An idea that has come up is to inspect the hidden states to see if they are behaving as we would expect some state or flux in the process would behave.

The two examples that have come up are:

  1. a biomass: some representation of a biomass that accumulates in the summer, is lower in the winter, and maybe has a sharp decrease after a scouring event
  2. discharge: we aren't giving the baseline model discharge as an input. Does the model have a discharge-like hidden state?

We can look into answering these questions with the baseline LSTM model (#40).

@jsadler2 jsadler2 added experiment Something we want to try out process-guidance having to do with adding (or gleaning) process understanding to/from the model labels Jan 26, 2022
@jsadler2 jsadler2 self-assigned this Feb 11, 2022
@jsadler2
Copy link
Collaborator Author

I started looking at this a little bit and it's interesting! A little mysterious, but interesting.

Here are a few plots so far:

Randomized weights

I first ran the model to get the "DO" predictions and the hidden states with randomized weights to get something to compare them with:

"DO" preds

do_rand

hidden states

h_rand

Trained weights

DO preds

do

hidden states

h

@lekoenig
Copy link
Collaborator

Awesome, @jsadler2 - thanks for sharing these! 🚀

I'm wondering about how/whether I should compare the h time series in the randomized weights plots above versus the trained weights plots below. The weights more or less determine how the inputs are mapped to outputs, right? So in the model run with randomized weights, it seems like the model is learning the relationship between air temperature and DO (e.g. I'm looking at h_2), but that dynamic isn't really maintained in h_2 on the trained weights. It's also interesting that predicted daily mean DO is often greater than the predicted daily max DO for this model run (and that min DO doesn't really have much seasonality) - does that just point to the importance of model training?

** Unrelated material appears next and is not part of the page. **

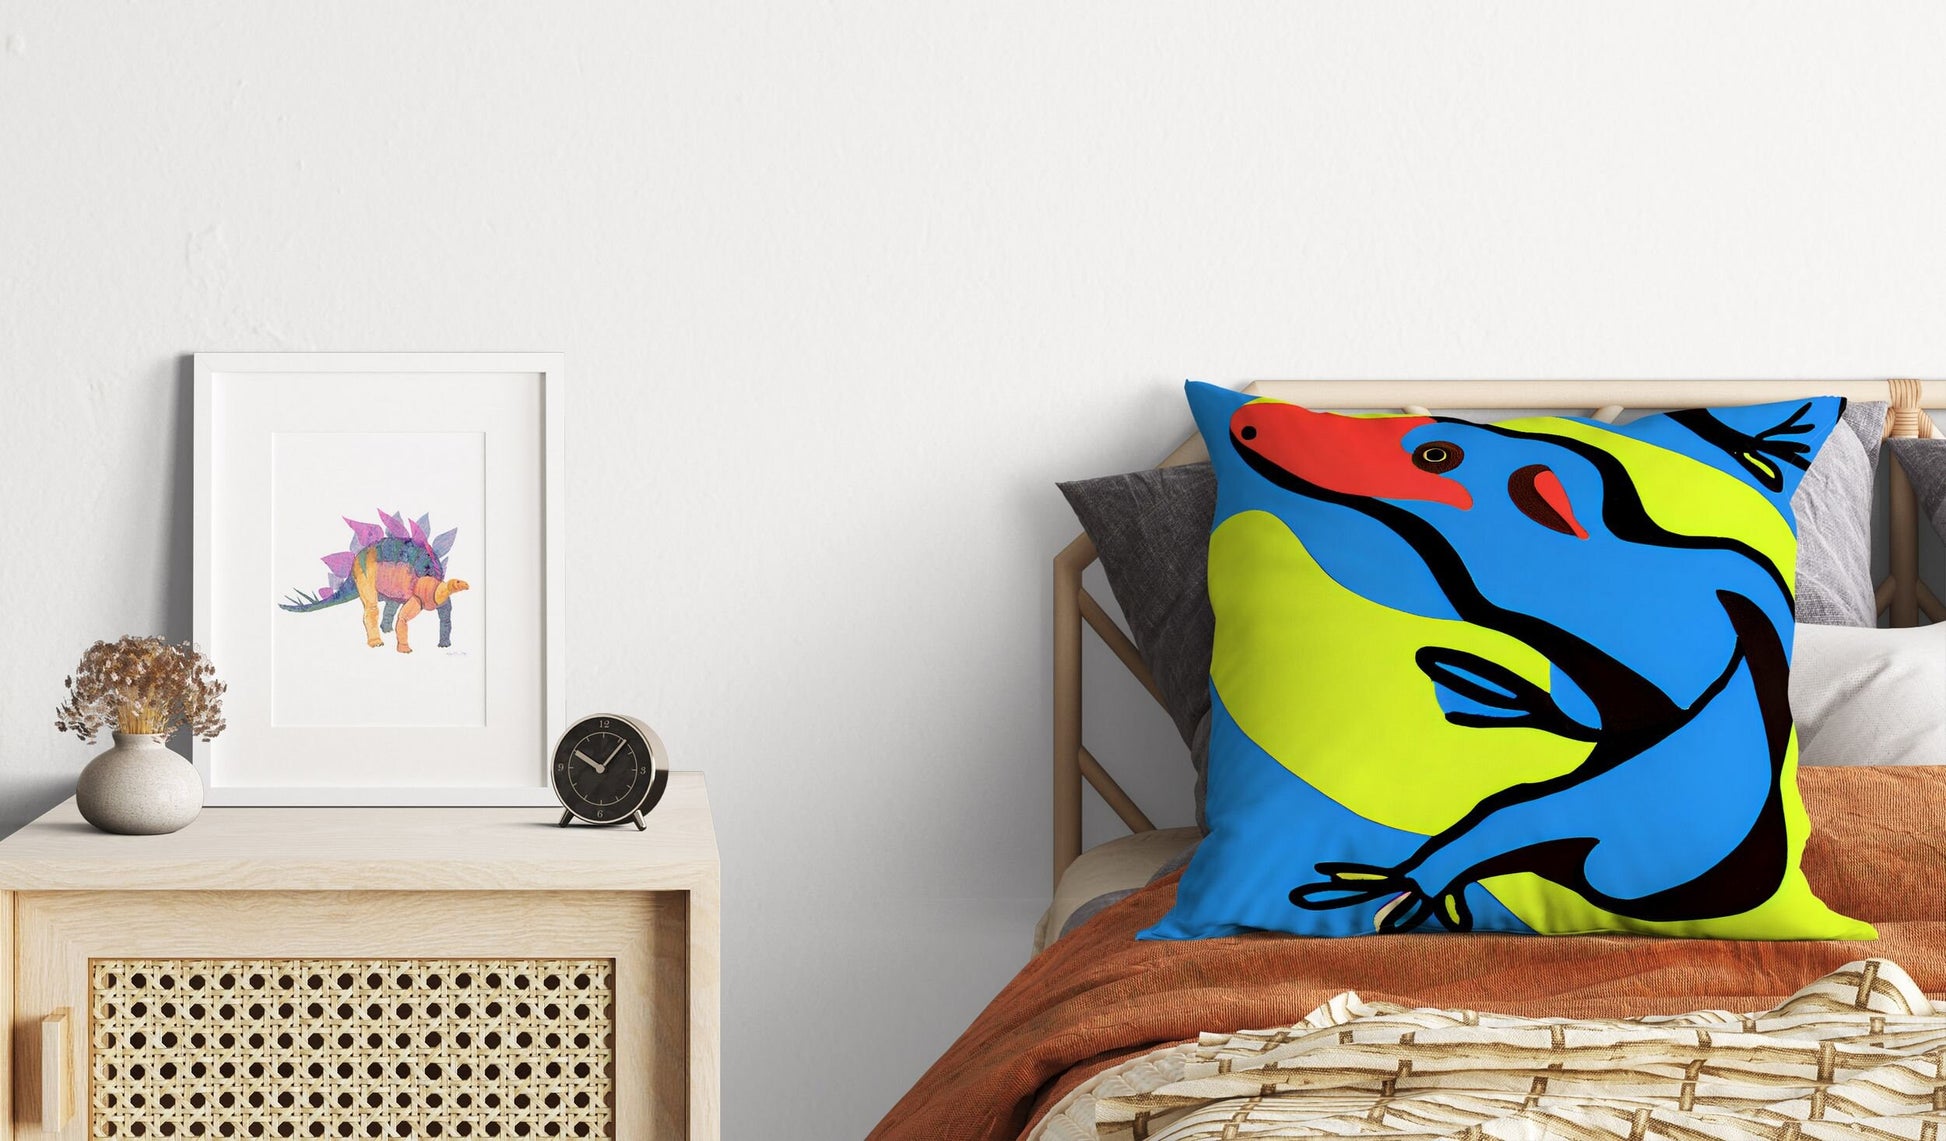 Australian Wildlife Platypus Original Art Tapestry Pillows, Abstract Pillow Case, Designer Pillow, Colorful Pillow Case, Modern Pillow
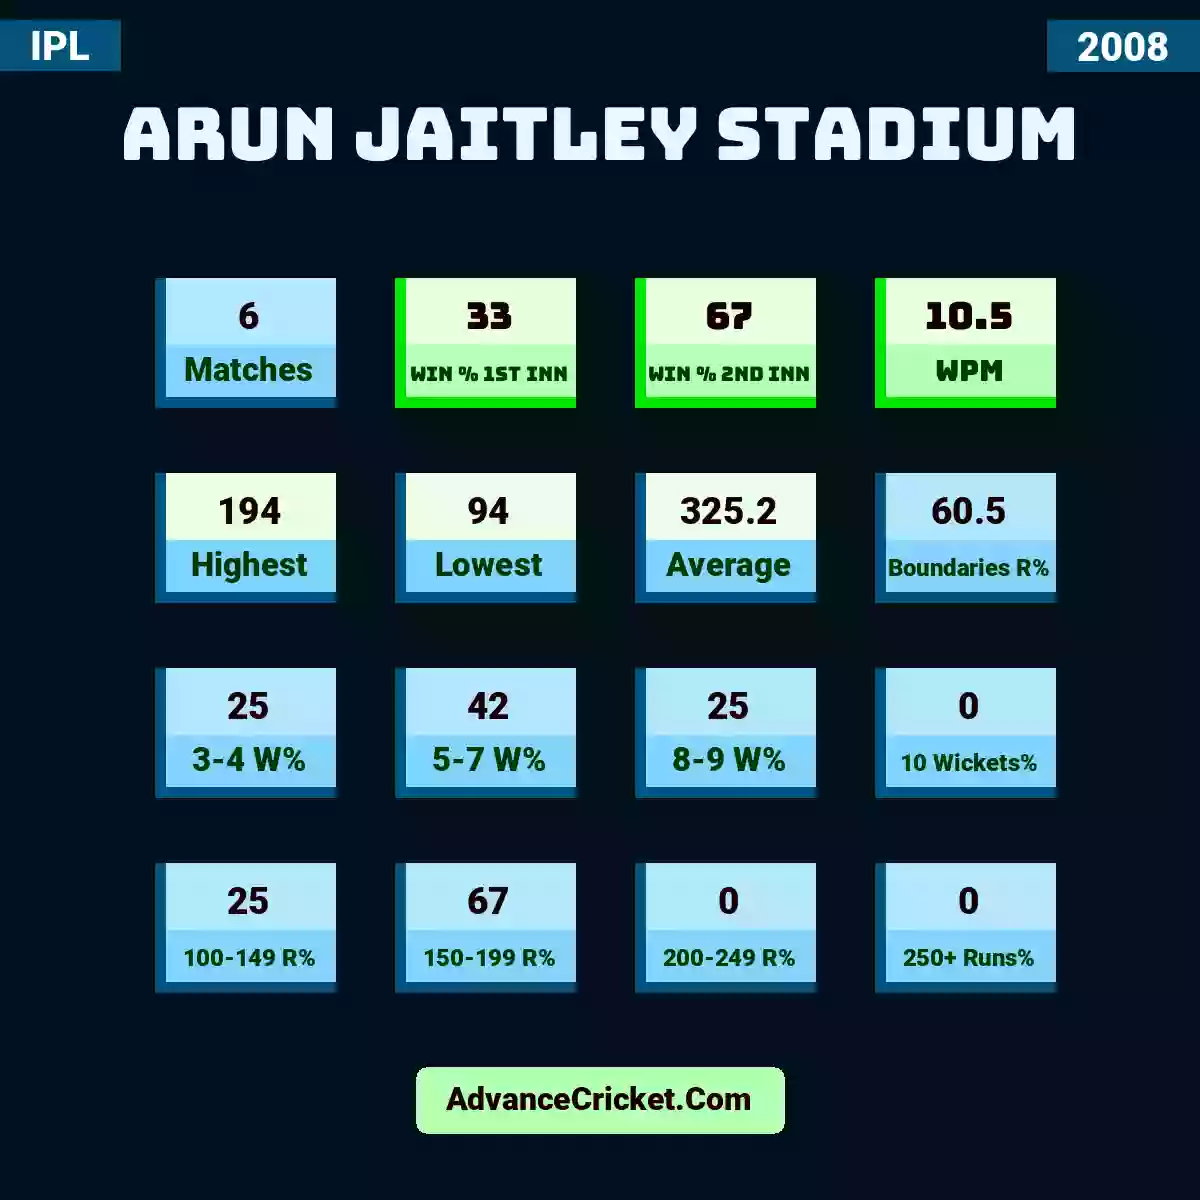 Image showing Arun Jaitley Stadium with Matches: 6, Win % 1st Inn: 33, Win % 2nd Inn: 67, WPM: 10.5, Highest: 194, Lowest: 94, Average: 325.2, Boundaries R%: 60.5, 3-4 W%: 25, 5-7 W%: 42, 8-9 W%: 25, 10 Wickets%: 0, 100-149 R%: 25, 150-199 R%: 67, 200-249 R%: 0, 250+ Runs%: 0.

For the model run with trained weights, h_3 and h_9 jump out to me as the model appears to be inferring some dynamic that is relatively higher from Oct - May compared to the rest of the year. h_1 looks sort of like a hydrograph (see below), and I can imagine h_0 as some concatenation of the h_3 and h_1. Mysterious but interesting, indeed!

Also interested in your thoughts/interpretation so far, and whether I'm reading these tea leaves appropriately with regard to the randomized versus trained weights.

discharge

@jsadler2
Copy link
Collaborator Author

does that just point to the importance of model training?

Yeah. The randomized weight output is just that - it's totally random. So the seasonal trend we are seeing in h_2 is basically just the trend in the temperature inputs that is randomly coming through. The model hasn't seen any DO data, so it's all just noise. .. and yes. That is especially apparent in the "DO" predictions. They are all over the place and unrealistic (mean > max).

h_3 and h_9 jump out to me

Those ones stood out to me too. So interesting that there are these two very distinct seasons. That is most apparent in h_3, but I think you could argue that there are two distinct regimes in most all of the states. For example

  • h_7 as the negative times and the positive times,
  • h_8 has times with very little variability (winter) and very volatile times (spring - fall).

h_1 looks sort of like a hydrograph

I agree. It would be interesting to plot those in the same figure

whether I'm reading these tea leaves appropriately with regard to the randomized versus trained weights.

That is how I'm reading the tea leaves too :)

One other thing that stood out to me is the sudden drops in h_0. For example, what was it it mid-April 2018 that caused the sudden drop in that state... and there are many similar patterns in h_0, but mid-Apr '18 is the ~biggest magnitude.

@lekoenig
Copy link
Collaborator

The model hasn't seen any DO data

Thanks for this explanation, Jeff - that makes a lot more sense. I didn't realize the model hadn't seen any DO data in the randomized version (and that's probably why you had DO in quotes 😃 )

@lekoenig
Copy link
Collaborator

One other thing that stood out to me is the sudden drops in h_0. For example, what was it it mid-April 2018 that caused the sudden drop in that state... and there are many similar patterns in h_0, but mid-Apr '18 is the ~biggest magnitude.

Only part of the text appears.